It might be interesting to compare your results with reference data
from the cell manufacturer. For example, the datasheet for the
ubiquitous Duracell Alkaline-Manganese AA shows 120 m-Ohm at 1kHz:

http://www.duracell.com/oem/Pdf/MN1500.pdf

Why would they reference a frequency rather than DC in their chart?

 

[Joe]

"John Popelish" <jpopelish@rica.net> wrote in message
news:403EB73E.E2B1A813@rica.net...

Joe wrote:

Thank you for the reply. I am not sure what is meant by recommended
maximum
current. I have a battery chart that shows the mAH for different types
of
batteries at a certain current drain value, eg, for AA alkaline
manganese
dioxide batteries, the chart shows 2000mAH at a typical drain of 50mA.
Is that what I use (50mA)?

That is a reasonable load, especially if it is close to what your
future load will be. You might measure the voltage of the pack before
during and after applying that load, and average the before and after
as the unloaded voltage. Subtract the loaded voltage from that
average and divide that difference by the load current (in amperes,
.05 in this case) to calculate the approximate battery resistance.
--
John Popelish

Thanks John, I measured a rechargeable 9V (actually 7.2Volt) NiMH battery
to start with. I came up with about 6ohms. Is that about what you would
expect? I measured it with 70mA (approx 100 ohm) load. It is not fully
charged for probly a month or so, just been sitting on my bench, but it has
not been used much either.

I am going to be using a 12volt lawnmower battery to power one of my
projects and that is on the charger right now, so I can measure it when it
is at full charge and keep track of it as it discharges.

Joe

 

[Joe]

"Costas Vlachos" <c-X-vlachos@hot-X-mail.com> wrote in message
news:c1nlbi$5rj$1@sparta.btinternet.com...

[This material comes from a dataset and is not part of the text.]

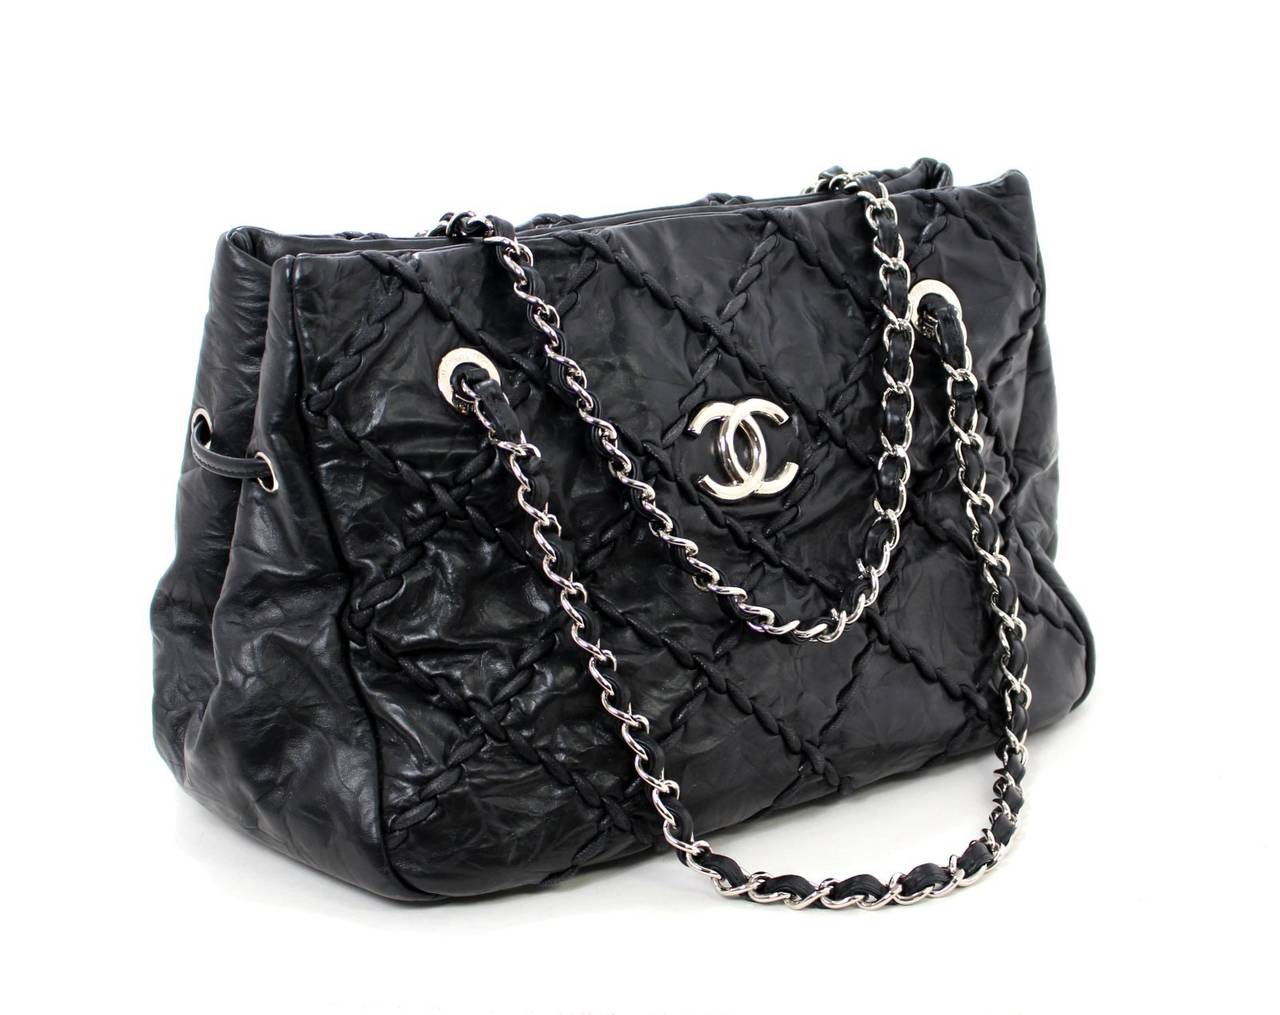 Chanel Ultra Stitch Medium Shopper in Black Leather with Silver HW In Excellent Condition In New York City & Hamptons, NY

"Joe" <nuisancewildlife@nospamearthlink.net> wrote in message
news:3ny%b.23628$hm4.20414@newsread3.news.atl.earthlink.net...

"Costas Vlachos" <c-X-vlachos@hot-X-mail.com> wrote in message
news:c1jfor$fgl$1@titan.btinternet.com...

Measure the battery's voltage without any load. Call this value V1.
Connect an external load resistor across the battery and measure the
battery's new voltage and the current flowing through the load. Call
these values V2 and I. The battery's internal resistance is given by:

Ri = (V1 - V2) / I

Make sure you use a resistor that generates enough current to cause a
significant drop in the battery's voltage.

This assumes a battery model consisting of an ideal voltage source and
a
resistor. For a more accurate measurement you'll need to plot a graph
of
battery voltage vs. load current and evaluate the slope of the graph
at
the operating point you need.

cheers,
Costas
snip

Thank you Costas, a significant drop in battery voltage, like maybe it
will drop the voltage by one half? Would that be enough?

Thanks,
Joe


One half sounds a bit too much. How about setting the current to the
nominal
current of your circuit? That would give you a more accurate Rin
masurement
as the relationship may not be linear depending on the type of battery,
etc.

Costas

Hi Costas,

I did that and came up with about 6ohms for a rechargeable NiMH (7.2V). I am
using a different battery for my application so I will measure that one
when it is fully charged and possibly plot the values for a learning
experience. Thanks for the tip

Joe

 

[Joe]

"David Wood" <davidwood911@yahoo.com> wrote in message
news:90c30deb.0402271649.203bd1f9@posting.google.com...

It might be interesting to compare your results with reference data
from the cell manufacturer. For example, the datasheet for the
ubiquitous Duracell Alkaline-Manganese AA shows 120 m-Ohm at 1kHz:

http://www.duracell.com/oem/Pdf/MN1500.pdf

Why would they reference a frequency rather than DC in their chart?

Hi David,

I was wondering that myself. I went to the site, thanks for the link. The
graphs they show are very instructive, but I don't know what's up with the
impedance at 1Khz, maybe someone else on this forum can explain it...

Joe

 

[John Popelish]

"Joe" <nuisancewildlife@nospamearthlink.net> wrote in message news:<xIR%b.25019$hm4.7789@newsread3.news.atl.earthlink.net>...

Thanks John, I measured a rechargeable 9V (actually 7.2Volt) NiMH battery
to start with. I came up with about 6ohms.

That sounds quite reasonable to me. That would correspond to a >1 amp
short circuit current.

Is that about what you would
expect? I measured it with 70mA (approx 100 ohm) load. It is not fully
charged for probly a month or so, just been sitting on my bench, but it has
not been used much either.

I am going to be using a 12volt lawnmower battery to power one of my
projects and that is on the charger right now, so I can measure it when it
is at full charge and keep track of it as it discharges.

That one should measure well under and ohm.

--
John Popelish